Note that MDL is not the same as algorithmic information theory (definition-up-to-a-constant comes up in AIT, not MDL), though they're of course related.

Comment author: cousin_it 07 September 2009 06:54:08PM *  0 points [-]

You just need to encode the index of the rule in the set, costing log(N) bits for a set of size N.

I see everyone's assuming that some things, by their nature, always go to infinity (e.g. number of samples) while others stay constant (e.g. rule set). This is a nice convention, but not always realistic - and it certainly wasn't mentioned in the original formulation of the problem of learning, where everything is finite. If you really want things to grow, why don't you then allow the set itself to be specified by increasingly convoluted algorithms as N goes to infinity? Like, exponential in N? :-) Learning can still work - in theory, it'll work just as well as a simple rule set - but you'll have a hard time explaining that with MDL.

(If there's some theoretical justification why this kind of outrageous bloatware won't be as successful as simple algorithms, I'd really like to hear it...)
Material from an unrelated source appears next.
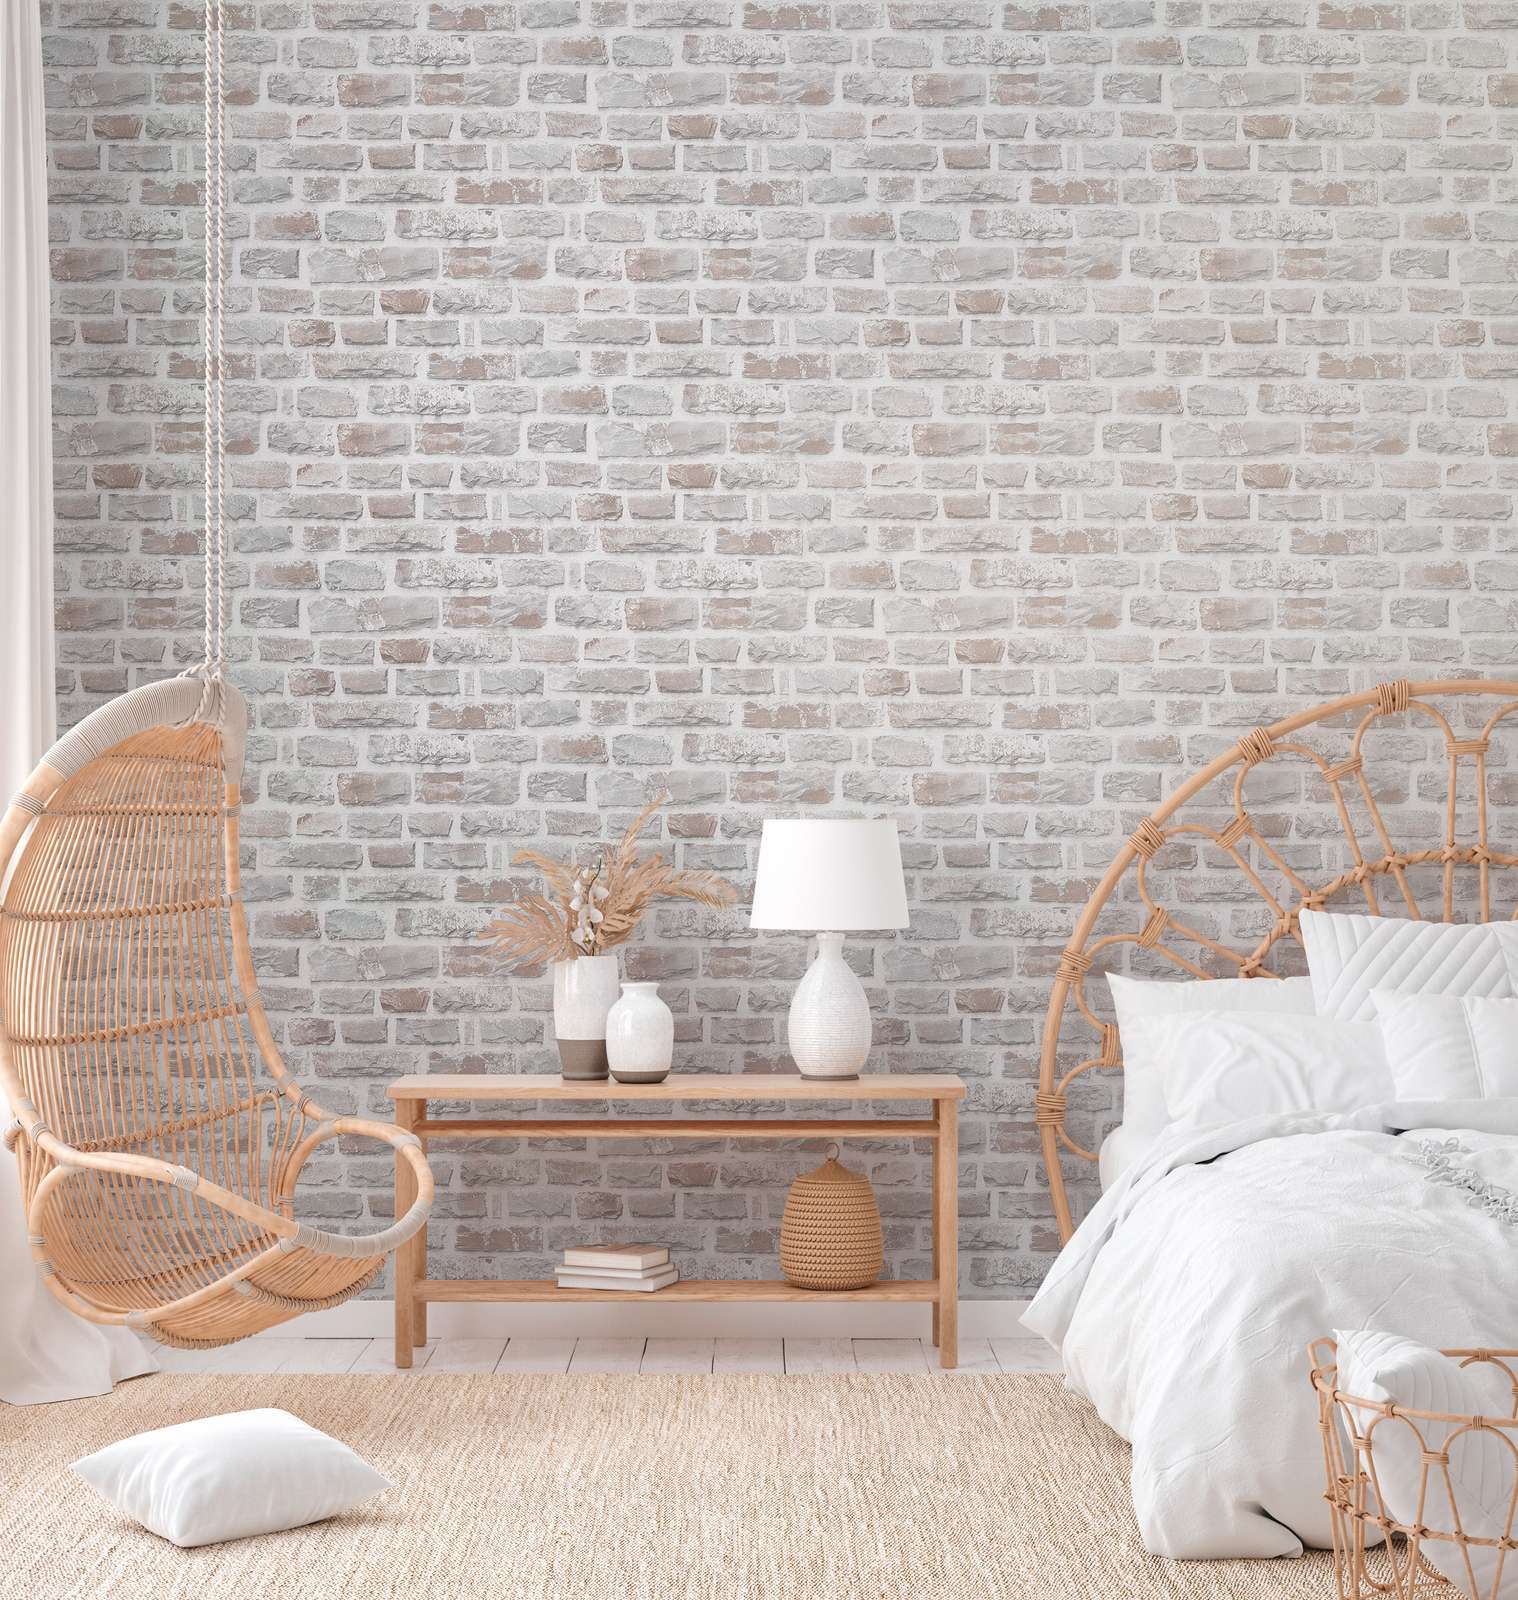             Vliesbehang met natuurstenen muur PVC-vrij - grijs, wit

Comment author: Johnicholas 07 September 2009 07:14:14PM 1 point [-]

You might find what you're looking for in Kevin T. Kelly's work:

http://www.andrew.cmu.edu/user/kk3n/ockham/Ockham.htm

Dr. Shalizi mentioned it as an alternative formalization of Occam's Razor.

Comment author: cousin_it 07 September 2009 07:55:19PM *  0 points [-]
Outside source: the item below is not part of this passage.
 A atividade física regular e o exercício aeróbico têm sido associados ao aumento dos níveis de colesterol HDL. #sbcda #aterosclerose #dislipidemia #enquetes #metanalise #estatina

Johnicolas, thanks. This link and your other comments in those threads are very close to what I'm looking for, though this realization took me some time.

Comment author: RichardKennaway 07 September 2009 05:05:19PM *  0 points [-]

To my mind this casts doubt on the importance of MDL.

I think its uncomputability already does that. When you make a computable version by limiting attention to some framework of descriptive capabilities smaller than universal computation, different choices of that framework will give you different measures of simplicity. What is simple in one framework may seem elaborate and baroque in another. Or as some military strategist once put it:

"To the foot-soldier, the strategy of a general may seem obscure, shrouded in shadows and fog, but to the general himself, his way is as plain as if he were marching his army down a broad, straight highway."